Und tatsächlich: Bereits die alltäglichen Bewegungen taten den Probanden nach deren subjektivem Gefühl gut. Sie fühlten sich dadurch energiegeladener und auch positiver gestimmt. So gaben sie an, sich schon direkt nach ihren alltäglichen Aktivitäten besser zu fühlen. „Schon das alltägliche Treppensteigen kann helfen, sich wach und energiegeladen zu fühlen und damit das Wohlbefinden zu steigern“, erläutert Reichert die Ergebnisse. Und dieser Effektwirkt sich wiederum positiv auf die psychische Gesundheit aus.

Was steckt dahinter?

Aber was steckt dahinter? Mediziner haben schon früher herausgefunden, dass für das Zusammenspiel von Alltagsbewegung und Wohlbefinden ein bestimmter Bereich der Großhirnrinde - der sogenannte subgenuale Anteil des Anterioren Cingulären Cortex - wichtig ist. Diese Hinrnregion spielt eine zentrale Rolle bei der Regulation von Emotionen und der Widerstandsfähigkeit gegenüber psychiatrischen Erkrankungen. Frühere Studien haben bereits festgestellt, dass Menschen, die in diesem Areal ein verringertes Volumen der grauen Hirnsubstanz haben, eher zu Depressionen und anderen psychiatrischen Krankheiten neigen.

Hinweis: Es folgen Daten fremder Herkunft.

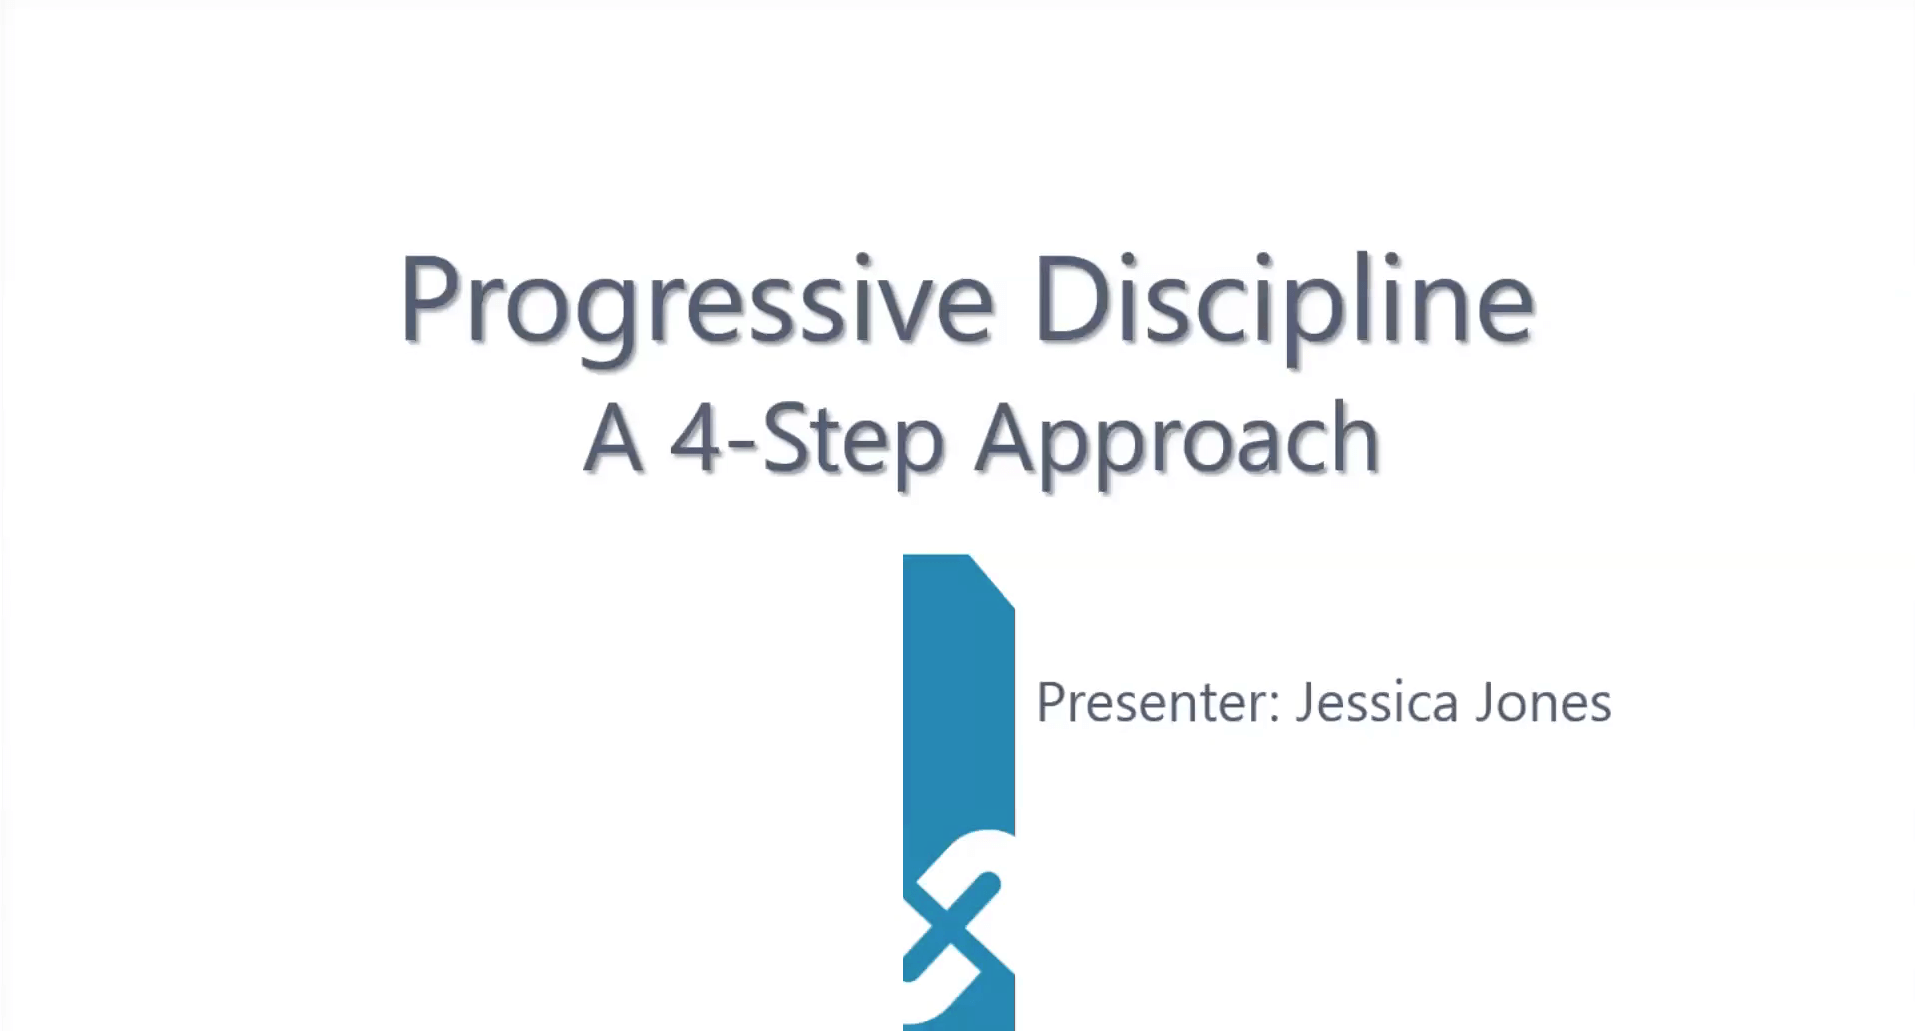 Progressive Discipline: A 4-Step Approach

Wie Reichert und seine Kollegen nun festgestellt haben, könnte gerade diesen Menschen die regelmäßige Bewegung im Alltag helfen.. „Personen, die ein geringeres Volumen an grauer Hirnsubstanz in dieser Region aufwiesen und ein erhöhtes Risiko haben, an psychiatrischen Erkrankungen zu leiden, fühlten sich einerseits weniger energiegeladen, wenn sie körperlich inaktiv waren, aber andererseits nach alltäglicher Bewegung deutlich energiegeladener als Personen mit größerem Hirnvolumen", beschreibt Reicherts Kollegin Heike Tost den Effekt.

Schon das alltägliche Treppensteigen kann helfen, sich wach und energiegeladen zu fühlen und damit das Wohlbefinden zu steigern.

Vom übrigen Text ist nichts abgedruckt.